This week I heard David Cameron extol the virtues of mutual aid and co-operative work with feelings so mixed that they zigzagged between exasperation and exultation. A few days ago, one of Britain's most original thinkers and writers died aged 85. You may not have heard of him, for Colin Ward was a lifelong anarchist – of the sweetest, gentlest kind. He spent more than 60 years helping to foster the cheerful, co-dependent, self-help society that every tribal politician now promotes.
Colin stood as far from big-state Labourism as he did from big-money Toryism. His early struggles – as a young ex-soldier from Essex, back in the late 1940s – saw him defending the squatters who took over military bases during a postwar housing crisis. Over decades, in a series of path-breaking books, he sought out and celebrated bottom-up solutions to finding decent shelter, doing worthwhile work, growing up happy, and getting on with others in town and country. The Whitehall-knows-best apparatchiks of the Labour tradition distrusted his brand of autonomous action; while it goes without saying that this (peaceable) disciple of Kropotkin would have greeted the "Red Toryism" now endorsed by the heirs of large landowners and rich financiers with a genial chuckle.
Forgive a little detour into memory. Long ago, when Colin already enjoyed a huge semi-underground reputation as a fountainhead of fresh ideas, I went to run a section of the New Statesman magazine that enfolded the remnants of New Society. As a chronicler and analyst of postwar change, that journal had done a bolder, brighter job of showing us new times than any media outlet today. And, every week, I found myself editing a column that took me into the scrap-screwn, mutt-friendly, off-the-books heart of another Britain.
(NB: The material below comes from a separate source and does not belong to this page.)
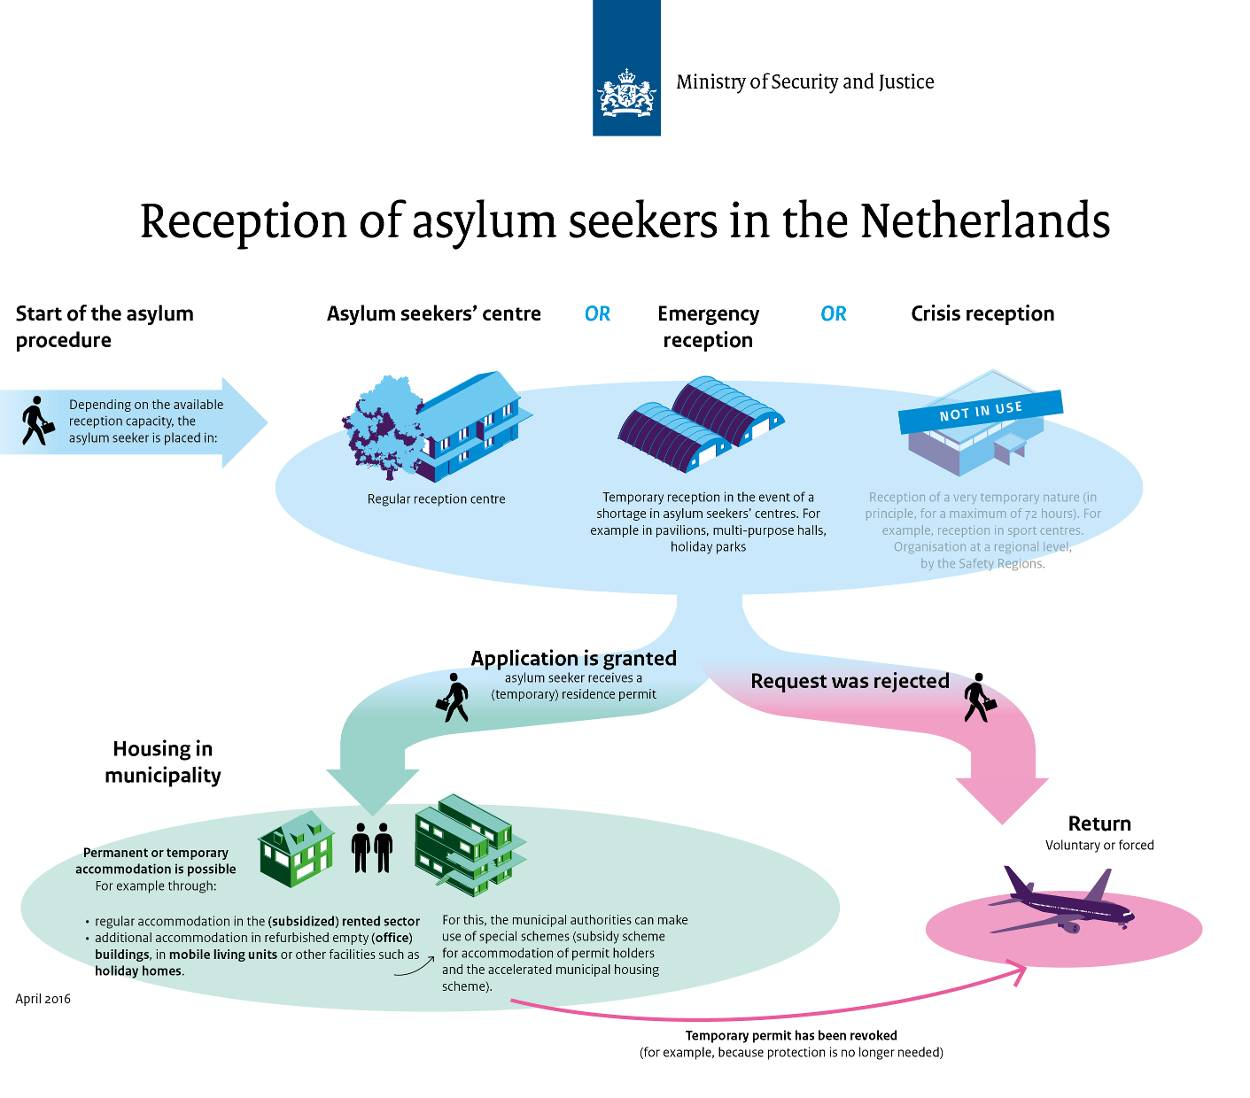 Reception of asylum seekers in the Netherlands | Asylum

In Colin Ward's Utopian junkyard, scruffy, unrespectable people and places survived and thrived on the edge of wealth, influence – even legality. As far as mainstream journalism went, these marginals and mavericks might as well have lived on Pluto. Often taking as his subjects people in or near his own Suffolk village, he championed the twilight world of allotment-diggers, unofficial smallholders, prefab dwellers, caravan habitués, rural squatters, estate children, multi-tasking traders, DIY artisans and house-builders, most as remote from the trim land of planning applications as they were from tax demands. If you needed to reclaim a bad word, you might even want to say that Colin opened the gates of Pikey Paradise and praised all its delights.
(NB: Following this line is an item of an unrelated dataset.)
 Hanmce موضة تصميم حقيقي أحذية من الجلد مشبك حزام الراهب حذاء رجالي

Alternatively, you might argue that he wrote social theory to justify the convivial rule-flouting of HE Bates's Pop Larkin and The Darling Buds of May – while reminding us that the meddling over-mighty state always commits the biggest scams of all. Now the metropolitan intelligentsia has - via Jez Butterworth's play Jerusalem – snatched a faint glimpse of the terrain Colin cultivated with such humanity and charm. His Britain was never broken, because it knew how to mend itself.
Thankfully, he left a long shelf-full of invigorating books. They include the classic Anarchy in Action; a history of The Allotment (with David Crouch); The Child in the City; and a study of the free-style co-op home-making that often inspires his work, Cotters and Squatters. Localism, mutualism, voluntarism: Colin gave a smiling face to all the windy words our masters now invoke.
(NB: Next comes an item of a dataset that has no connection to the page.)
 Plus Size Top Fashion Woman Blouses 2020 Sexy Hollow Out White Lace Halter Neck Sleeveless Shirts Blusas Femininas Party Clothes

However, in spite of sterling work by the Five Leaves imprint in Nottingham, too few of his landmark texts exist in a form that non-specialists can reach. As every pundit and politician gestures towards a more congenial, more self-organising nation, and so few have the slightest notion of how to get there without grandiose top-down schemes, we need a handy volume of the Selected Colin Ward in every bookshop, or on every screen. Then the millions of eager fugitives from greed and fear can really get down to digging for victory.
P.S.Will the slowdown in publishing further narrow the range of what we can read? Recession, or the fear of it, has squeezed the total number of books in translation that I and my co-judges are reading for this year's Independent Foreign Fiction Prize. The quality, thankfully, remains admirably high – and it's up to champions of global literature in big houses as well as the stalwart indies to keep it that way. Within Random House, Harvill Secker still flies a multi-national flag for fiction. And on Saturday 27 February, the imprint will be hosting an International Writing Day at Foyle's in London (www.foyles.co.uk/events). Authors include the terrific Galician writer Manuel Rivas, Israel's Alon Hilu, and Xiaolu Guo (left), as well as AS Byatt and Joseph O'Connor. The ticket price (£18) even includes a goodie bag with a signed novel by Umberto Eco.